Pacific Gas & Electric
Model Energy Communities Program
Pacific Gas & Electric’s Model Energy Communities (MEC) Pilot program, what has been commonly called "The Delta Project," was a research initiative that not only serves as a model for a new and innovative form of demand-side management, but which also has provided a host of important lessons learned. The project was conceived to test the opportunity to use DSM as a localized least cost resource, thereby deferring the need for the capital expansion of transmission and distribution systems.
The region served by The Delta Project is largely residential (a classic "bedroom community") with some 25,000 homes, the vast majority of which are owned by two-income families that work in San Francisco or Oakland and return home at the end of the day.
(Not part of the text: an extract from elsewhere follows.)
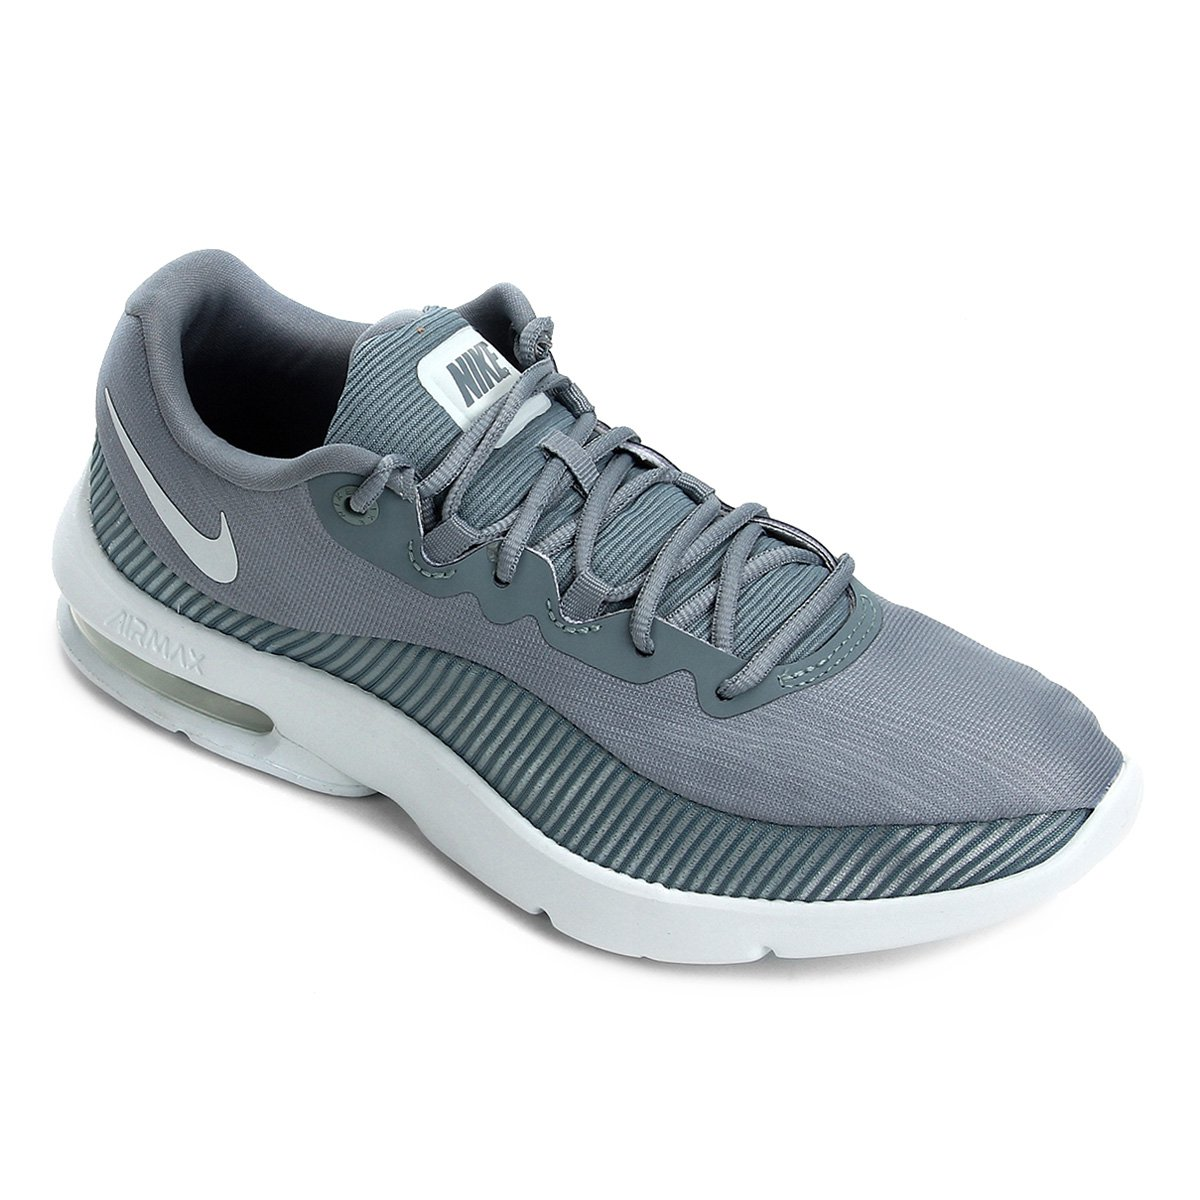 Tênis Nike Air Max Advantage 2 Feminino Azul Petróleo E Cinza
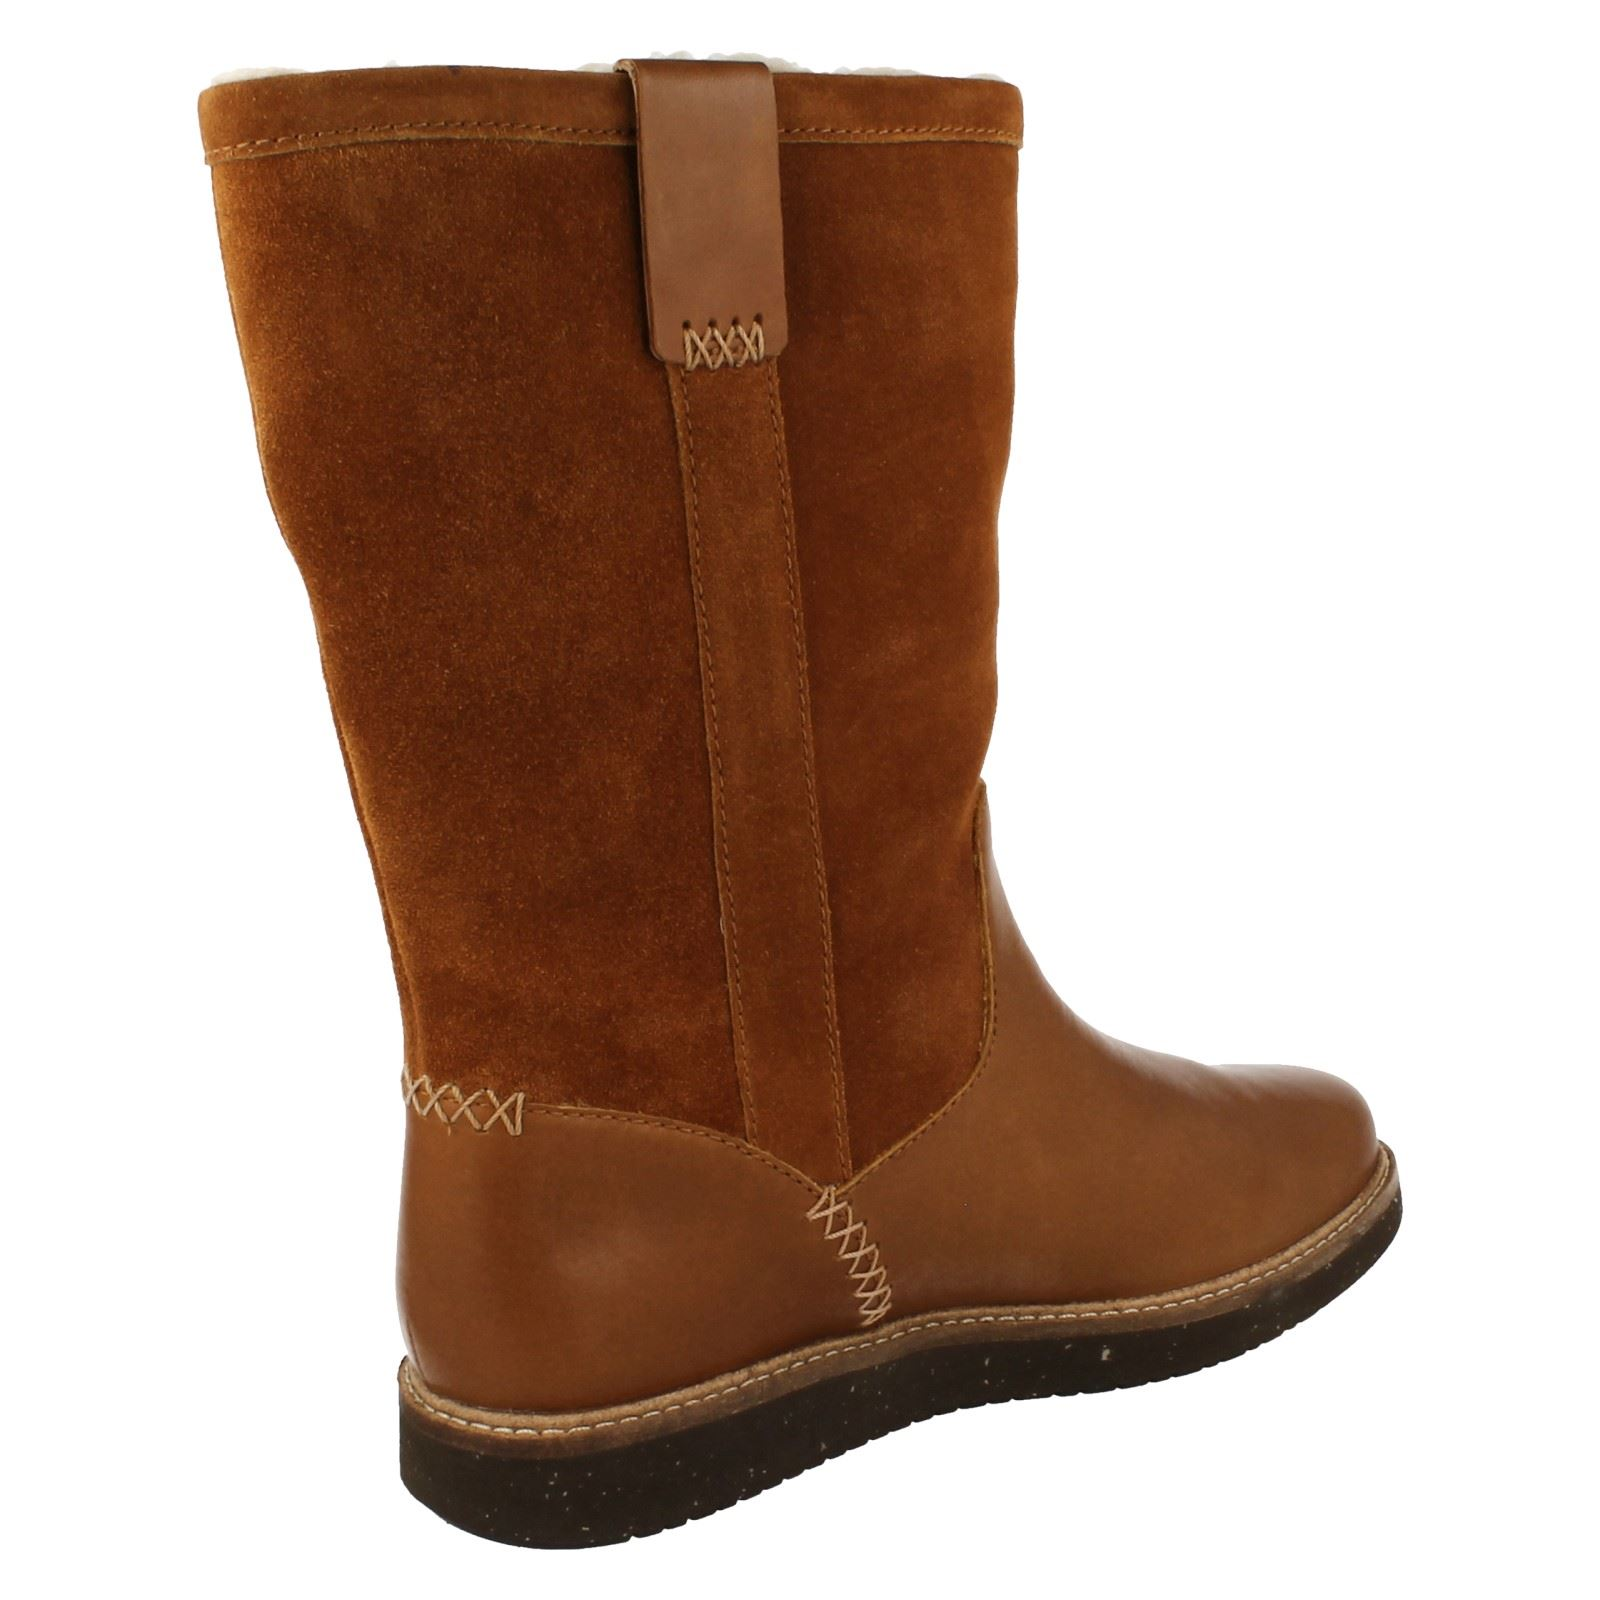 ed34c2a802 Ladies-Clarks-Glick-Elmfield-Mid-Calf-Boots thumbnail 16

At that time, and especially when temperatures exceed 105° F, the homeowners concurrently turn on their air conditioners creating a localized spike in demand. While The Delta Project sought to contain this needle peak through energy efficiency measures, a key lesson learned was that load management options, such as appliance cycling in particular, may have provided a more expeditious means of fulfilling the Project’s load shape objective.
The Delta Project was not only ambitious in scope and purpose, but also needed to be implemented quickly to fulfill its basic purpose of substation deferral. The Project was implemented in approximately 18 months in a geographically succinct area focused on the proposed Lone Tree substation. It was designed to assess whether DSM could be a cost effective alternative to substation construction; to determine whether intense marketing and direct install program delivery could result in desired levels of savings by triggering high participation and penetration levels; and to assess customer acceptance of such a strategy.
Many rich lessons were learned by PG&E program staff: First and foremost, the project did serve to defer the construction of the Lone Tree substation, although disaggregating the program’s effects from other factors such as the depressed new residential construction market and weather patterns was complex. Second, the program succeeded in delivering a host of DSM measures in a short time frame. This, however, was not without difficulty. PG&E also learned an important lesson about the homogeneity of neighborhoods and thus their relative lack of end-use and end-use consumption diversity. Perhaps most importantly, The Delta Project highlights the litany of unanticipated factors that relate to such a program design, knowledge which can now be used to help program designers to develop effective T&D deferral programs in the future.